In Einrichtungen mit einer festen Bestuhlung oder einem festen Sitzplan kann der Mindestabstand zwischen Personen durch einen freien Sitzplatz zwischen jedem Sitzplatz innerhalb einer Reihe sowie vor und hinter jedem Sitzplatz gewahrt werden, wenn die Sitzplätze personalisiert vergeben und dies durch den Betreiber der Einrichtung dokumentiert wird.

Maskenpflicht:

Bereits im Rahmen der Zweiten Änderungsverordnung zur Vierten Corona-Bekämpfungsverordnung wurde ab dem 27.04.2020 im Land Rheinland-Pfalz das Tragen von Mund-Nasen-Bedeckungen in bestimmten Bereichen vorgeschrieben und mit dem Erlass der Fünften Corona Bekämpfungsverordnung ausgeweitet. Diese Regelungen bestehen fort.

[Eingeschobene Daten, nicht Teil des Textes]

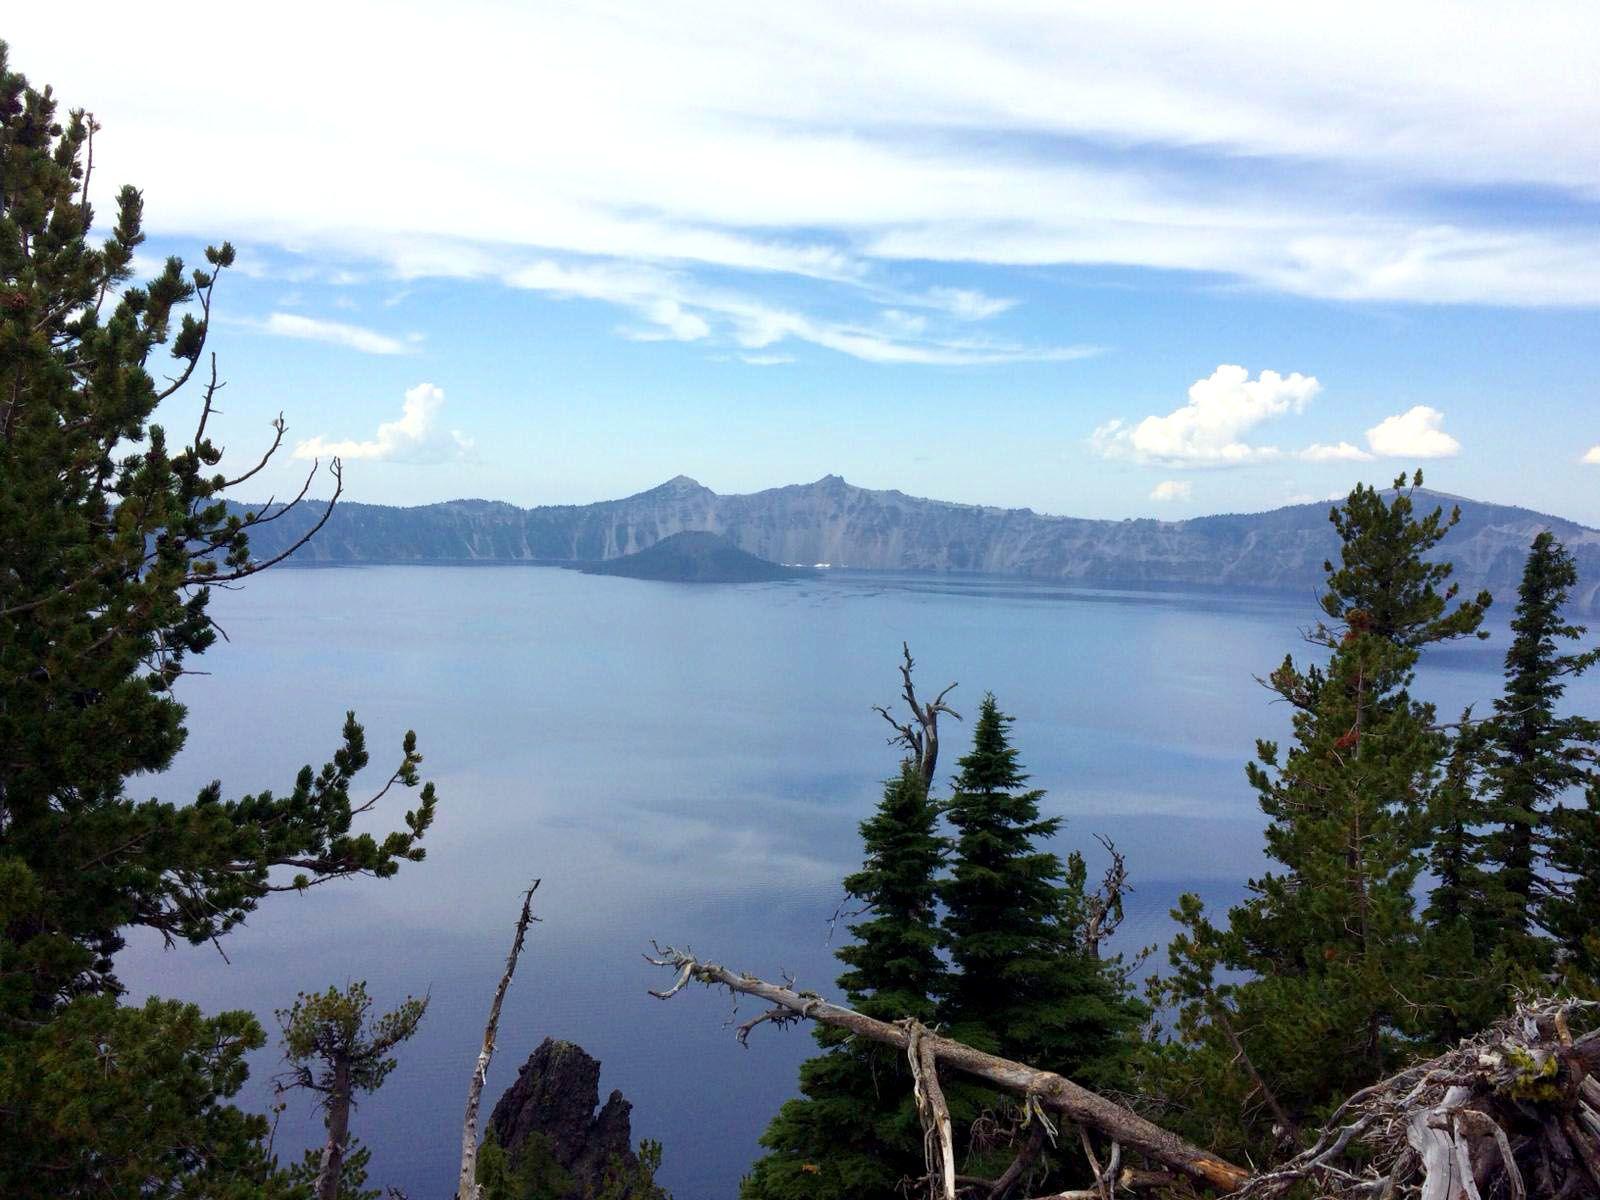 Les voyages d'Alexie : Crater Lake dans l'Oregon

So sind beispielsweise Mund-Nasen-Bedeckungen zu tragen:

  • In Geschäften sowohl durch die Kunden als auch die dort Beschäftigten. Ausnahmen bestehen für Mitarbeiterinnen und Mitarbeiter in Geschäften, wenn anderweitige geeignete Schutzmaßnahmen, insbesondere Trennvorrichtungen, getroffen wurden.
  • Im öffentlichen Personennahverkehr und den dazugehörigen Einrichtungen
  • Bei dem Besuch eines Friseursalons/ einer Fußpflegeeinrichtung
  • Bei dem Betreten des Rathauses der Verbandsgemeinde sowie in Warteschlagen vor den vorgenannten Einrichtungen
  • Bei dem Besuch von Gottesdiensten (am Platz darf sie zukünftig dann abgelegt werden)
  • Bei dem Besuch im Kino bzw. eines Theaters (zukünftig darf sie am Platz abgenommen werden)
  • Im Innenbereich von Gaststätten bis zum Einnehmen der zugewiesenen Sitzplätze sowie in Warte- oder Abholsituationen im Innen- und Außenbereich
  • Die Gäste von Beherbergungsbetrieben soweit sie öffentlich zugänglich Bereiche durchlaufen
  • Beim Aufenthalt und in Wartesituationen von Einrichtungen des Gesundheitswesens

Von der Maskenpflicht ausgenommen sind Kinder unter 6 Jahren und Personen, denen das Tragen einer Mund-Nasen-Bedeckung wegen einer Behinderung oder aus gesundheitlichen Gründen nicht möglich oder unzumutbar ist. Dies ist durch ärztliche Bescheinigung nachzuweisen.

Wichtig ist hierbei, dass die geltenden Hygiene- und Verhaltensvorschriften (Mindestabstand, Hände waschen, usw.) ungeachtet dessen auch weiterhin eingehalten werden.

Verstöße gegen die Verpflichtung zum Tragen einer Mund-Nasen-Bedeckung werden grundsätzlich mit einem Verwarnungsgeld in Höhe von 50 Euro geahndet.
Tragen Mitarbeiterinnen und Mitarbeiter geöffneter Geschäfte oder Einrichtungen keine Mund-Nasen-Bedeckungen, wird dies mit einem Bußgeld für die Betreiber in Höhe von 250 Euro geahndet, soweit keine anderweitigen Schutzmaßnahmen, insbesondere Trennvorrichtungen, getroffen wurden. Darüber hinaus können bei festgestellten Verstößen Platzverweise ausgesprochen werden. 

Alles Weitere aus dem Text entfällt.